Alex acknowledges the set of people at his school who share his boundless enthusiasm for maths is nudging zero. That’s why he flourished at the training camps and why he considered the IMO competition “fun”. “It was nice to meet so many people interested in the same thing,” he says.

“The great thing about these competitions is that these guys go to a place where being freakishly good at these things is not all that unusual,” says former ABC broadcaster Adam Spencer, the newly appointed Maths & Science Ambassador at the University of Sydney. Spencer, unofficially Australia’s coolest nerd, officiated at the IMO team announcement ceremony at Parliament House in June and took a shine to Alex. “A lot of these kids are at selective schools and even there they are outliers,” he says. “Now, when Alex gets to go and hang out with other people who enjoy nothing more than busting really hard algebra problems, he gets to realise what they’ve got is not weird; it’s nothing to feel ashamed of or feel unusual about. It’s beautiful.”

The beauty of maths only reveals itself with patience, said Iranian mathematician Maryam Mirzakhani upon winning the Fields Medal in August – the first female to do so. “I can see that without being excited, mathematics can look pointless and cold,” she added.

Maths as it is taught in schools has an image problem, Gunning agrees. “It is portrayed as a necessary but painful rite of passage – a duty and a chore on the way to your chosen uni degree. It is possible to grow to love the field for its own sake, but to get to that frontier of mathematics, it’s about 10 years ahead of the syllabus and most high school teachers don’t have any idea that it’s a living, growing subject.”

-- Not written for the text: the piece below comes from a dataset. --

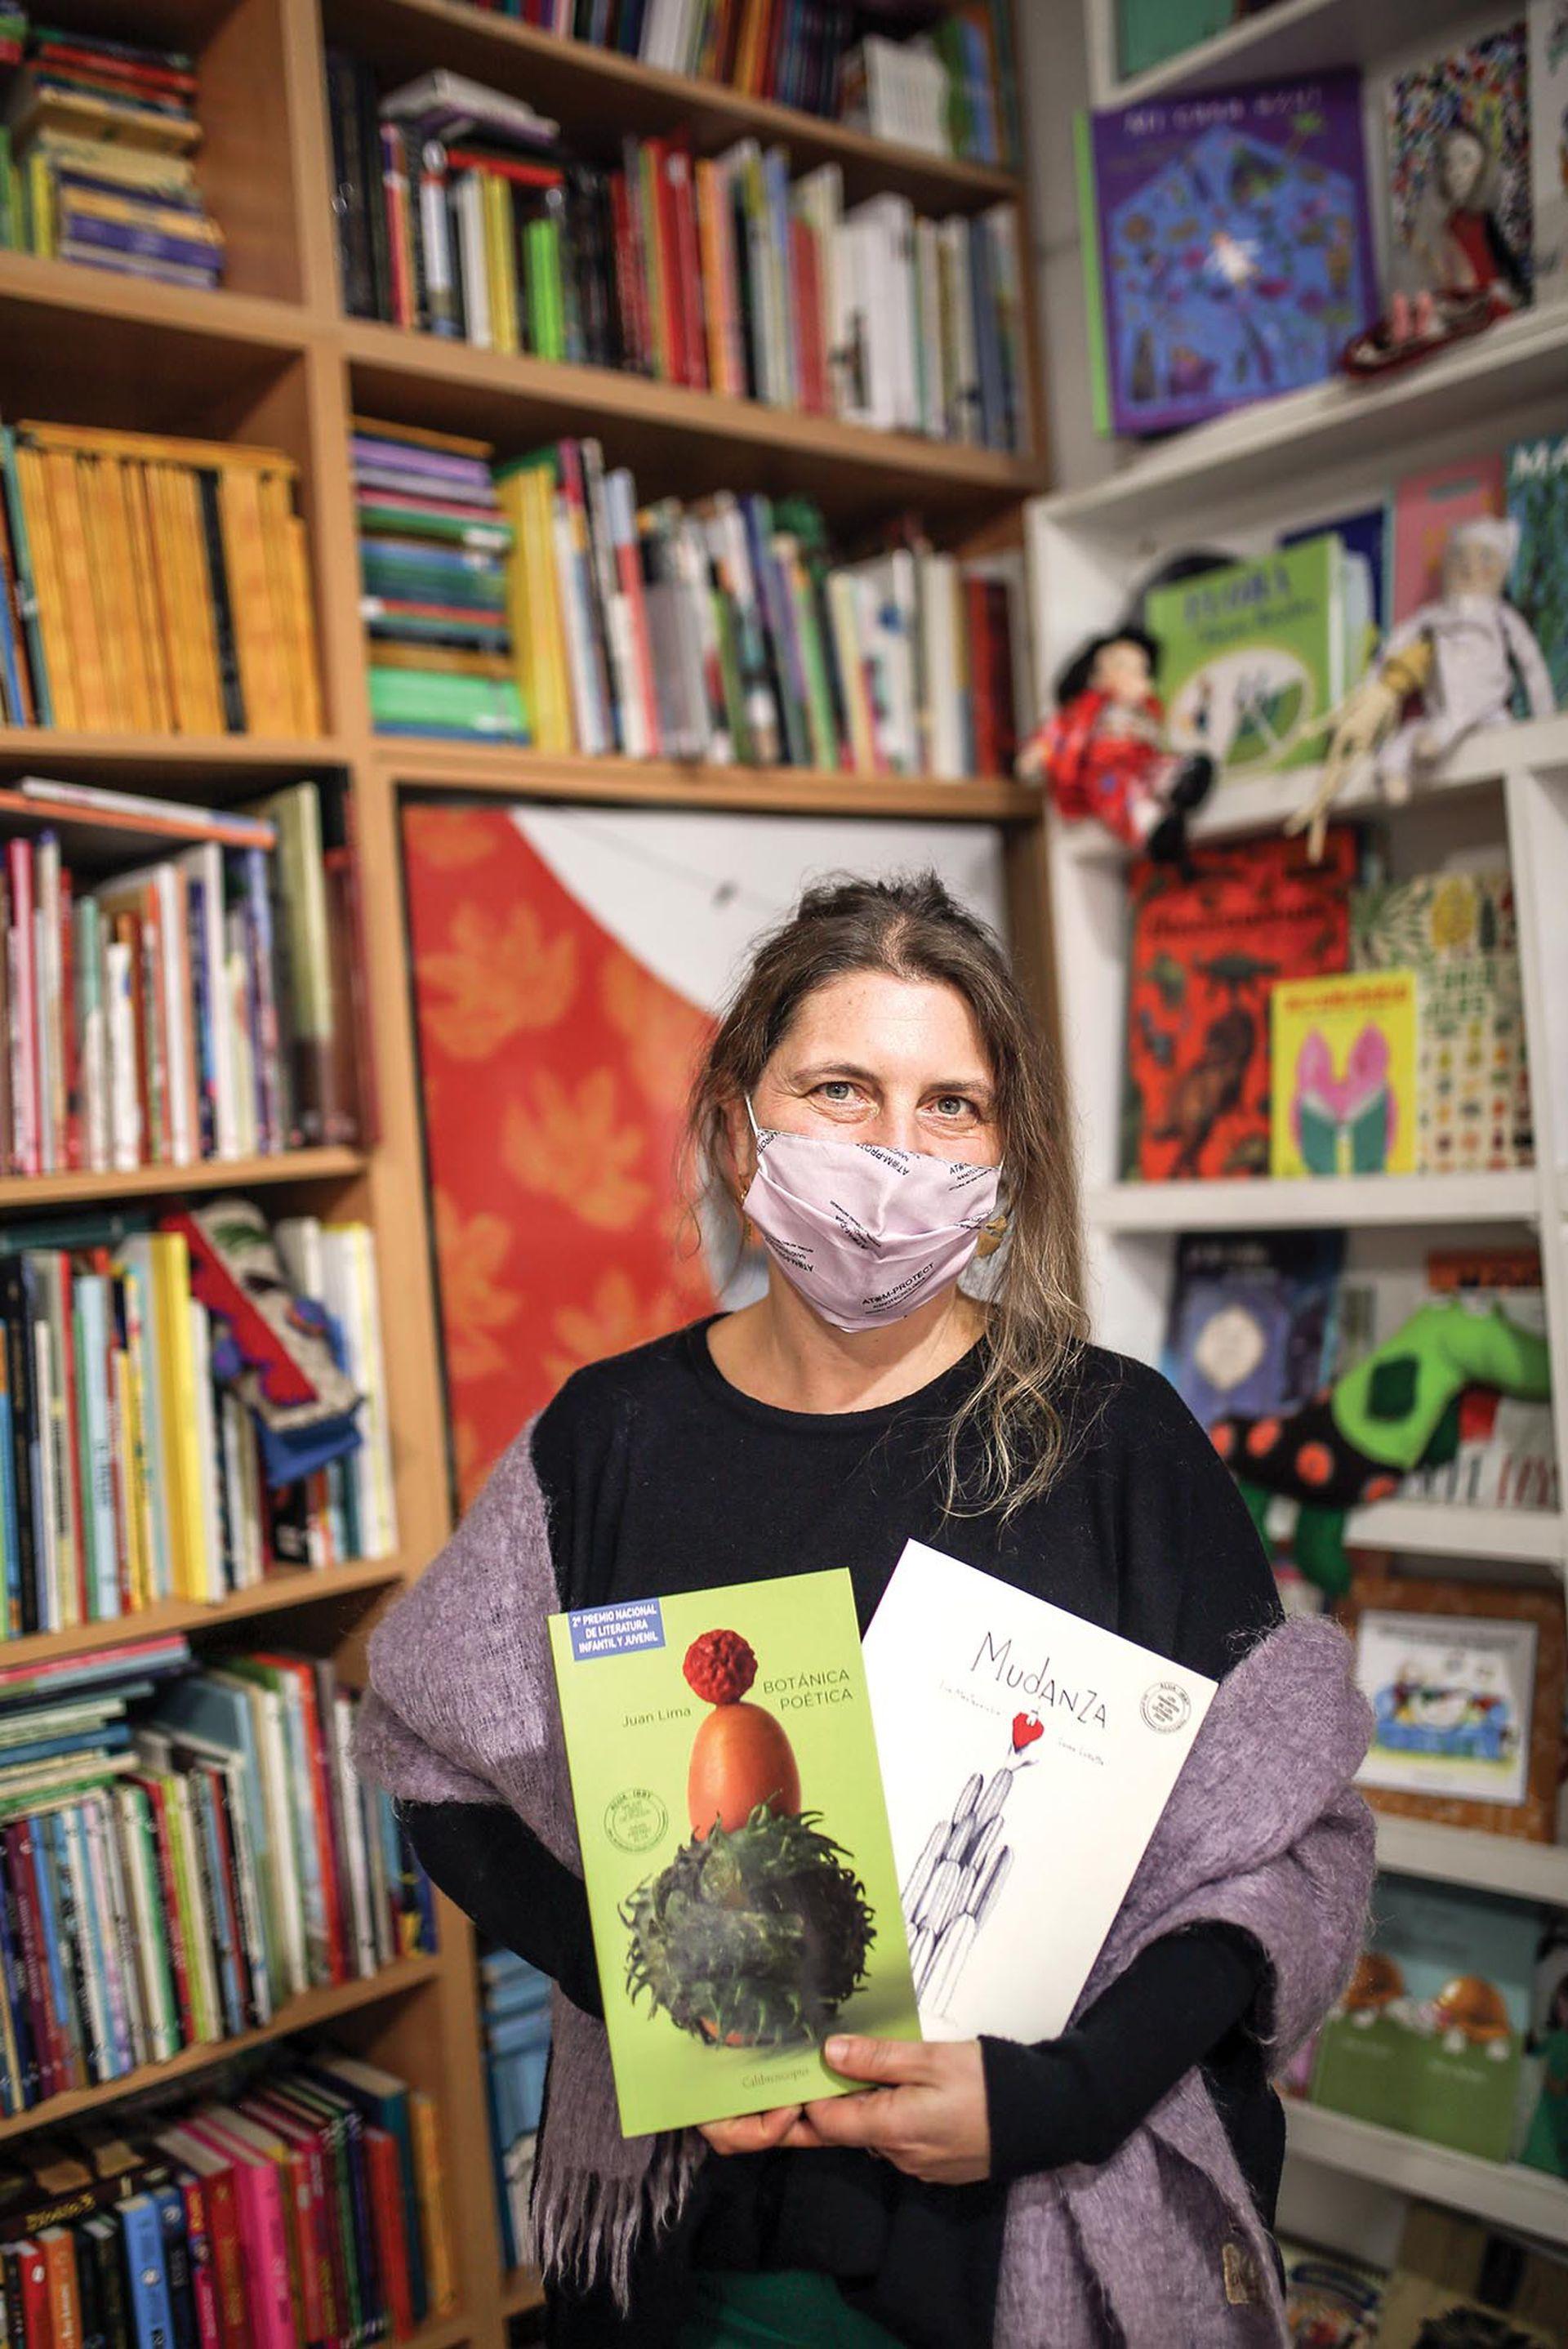 """Judith (49). Librería: El libro de Arena, Villa Crespo. ¿Qué es lo que más te gusta del oficio? """"Me encanta juntar libros y lectores, saber qué le puede gustar a un lector particular y recomendarle. Generar esos encuentros""""."""

Alex’s local public school recognised, appreciated and nurtured his talent early, creating a maths enhancement group and arranging a mentor from Monash University. Alex had the option to go to a selective school but, Gunning says, Glen Waverley Secondary College has “one of the most affirmative intellectual cultures in a government school I’ve ever seen. He’s quite privileged to be there – his teachers have been tremendous in creating opportunities and putting resources behind him.”

Alex is lucky (and self-motivated). But Spencer says the Australian education system can do better: by exposing primary school children to a better syllabus and installing more ­passionate, qualified maths teachers. His view chimes with that of Australia’s chief scientist, Professor Ian Chubb. As part of a national science strategy unveiled in September, Chubb recommended that every primary school have at least one specialist maths and science teacher – a policy already used in ­Victoria and South Australia. Director of the ­Australian Mathematical Sciences Institute, Professor Geoff Prince, went further, saying the failure to staff schools with inspiring maths teachers was at a “critical” level, with 40 per cent of classes in years 7 to 10 not being taught by qualified maths teachers.

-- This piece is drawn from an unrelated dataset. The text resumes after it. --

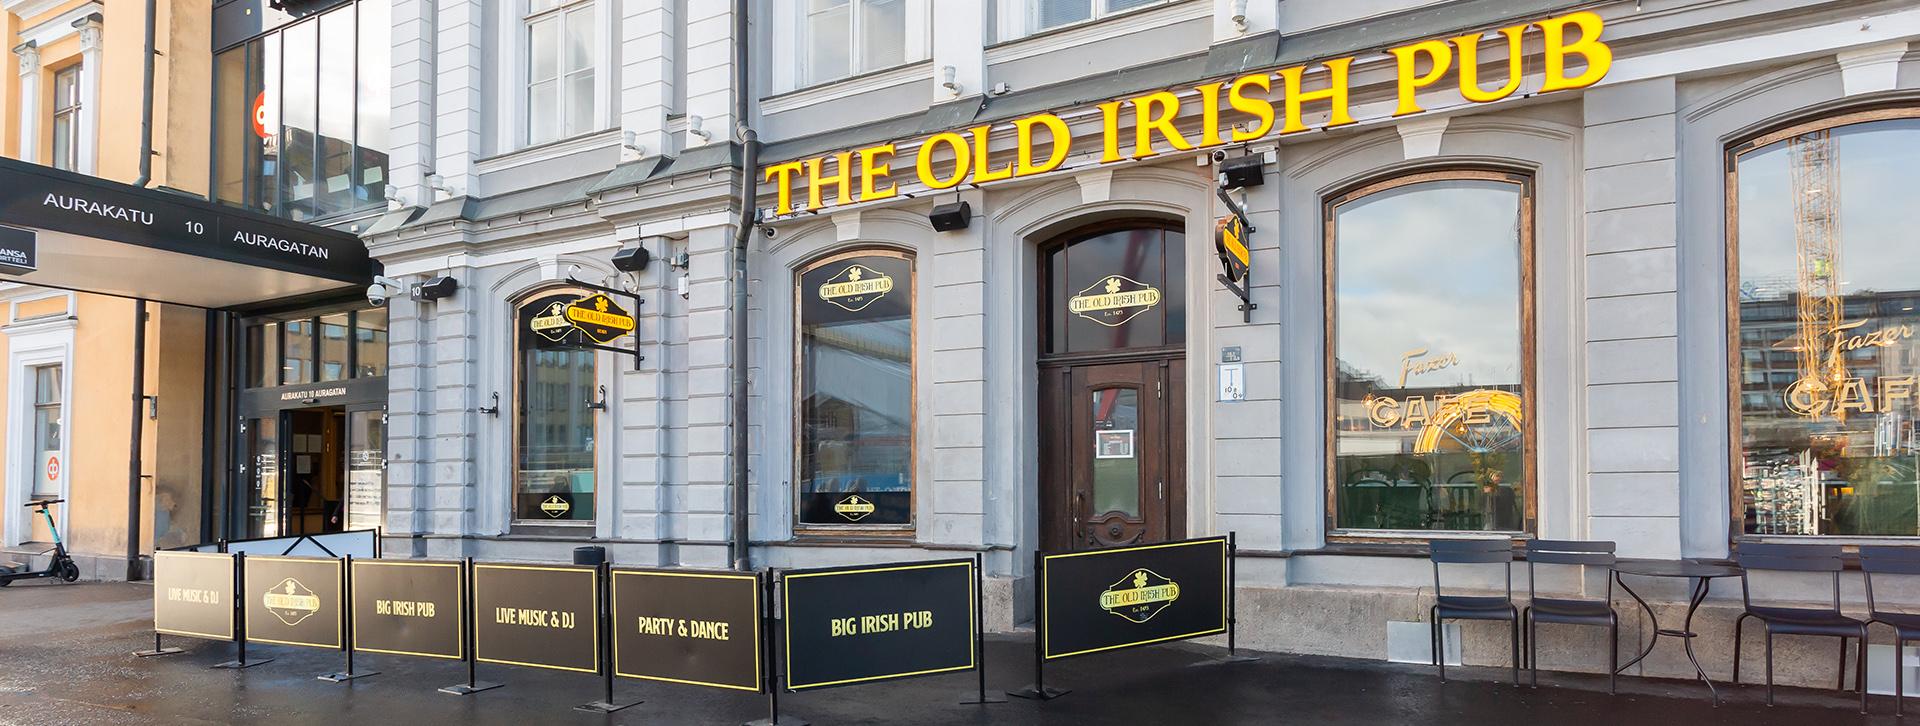 the-old-irish-pub

“The Alex Gunnings will always rise through the processes we’ve got,” says Spencer. “But we can’t look at his individual result and go, ‘That reflects where Australia is at as a nation.’ We can do more for kids who have a bit of potential and a natural curiosity and get a buzz from maths. The way it’s taught now, it’s not until third-year university that you get to see some of the true beauty that’s inherent in mathematics.”

In any discipline, children are motivated by aesthetics, and Alex agrees it’s a shame students are only exposed to mathematical “grunt work”. “The thing they teach you at school is: repetition is good, repetition is good,” he says. “I would tell other kids before dismissing mathematics as boring to have a look at some of the other more interesting problems out there.”

Back into the swing of the school year at Glen Waverley, Alex is studying vectors and matrices and looking forward to next year’s International Mathematical Olympiad, where he hopes the questions are “a bit harder”. The gold medal doesn’t change his day-to-day school life much. “It just gives me an excuse to say to the teachers…” he pauses, glances at his father. “Well, it just gives me more of an excuse to stuff around in class, I guess.”